Inspired by an astonishing true story from World War II, a young woman with a talent for forgery helps hundreds of Jewish children flee the Nazis in this unforgettable historical novel from the international bestselling author of the “epic and heart-wrenching World War II tale” (Alyson Noel, #1 New York Times bestselling author) The Winemaker’s Wife.

Eva Traube Abrams, a semi-retired librarian in Florida, is shelving books one morning when her eyes lock on a photograph in a magazine lying open nearby. She freezes; it’s an image of a book she hasn’t seen in sixty-five years—a book she recognizes as The Book of Lost Names.

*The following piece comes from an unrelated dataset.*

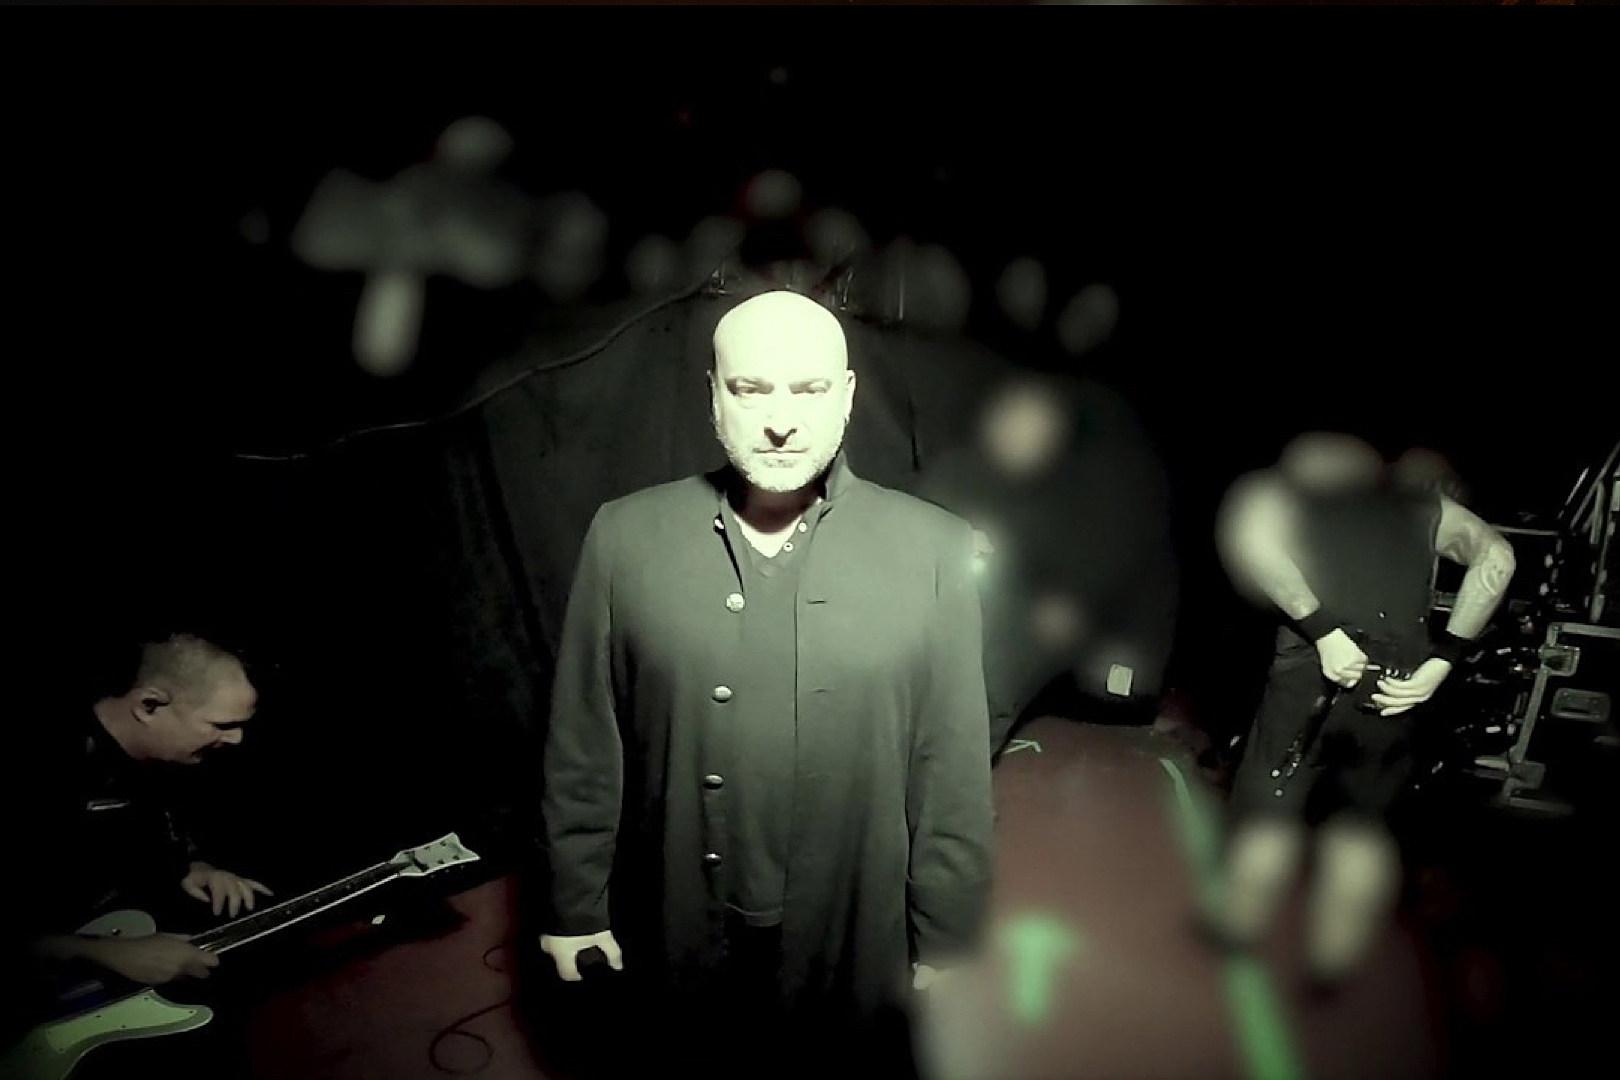 Disturbed's David Draiman Deletes His Twitter Account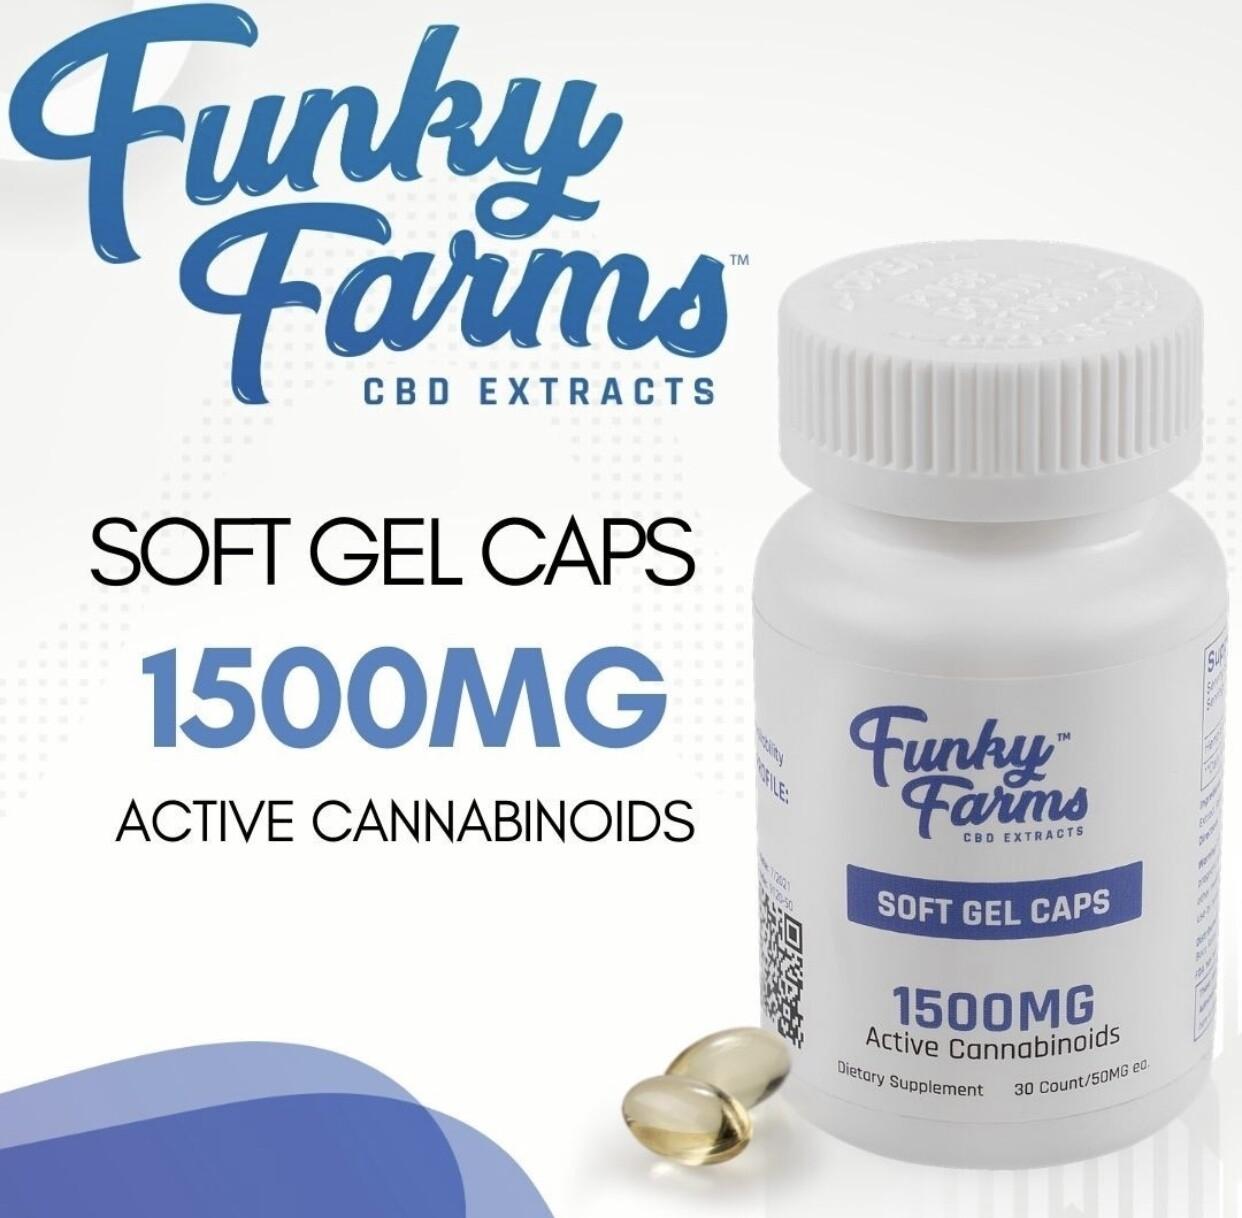 Funky Farms 1500 mg Soft Gels

The accompanying article discusses the looting of libraries by the Nazis across Europe during World War II—an experience Eva remembers well—and the search to reunite people with the texts taken from them so long ago. The book in the photograph, an eighteenth-century religious text thought to have been taken from France in the waning days of the war, is one of the most fascinating cases. Now housed in Berlin’s Zentral- und Landesbibliothek library, it appears to contain some sort of code, but researchers don’t know where it came from—or what the code means. Only Eva holds the answer—but will she have the strength to revisit old memories and help reunite those lost during the war?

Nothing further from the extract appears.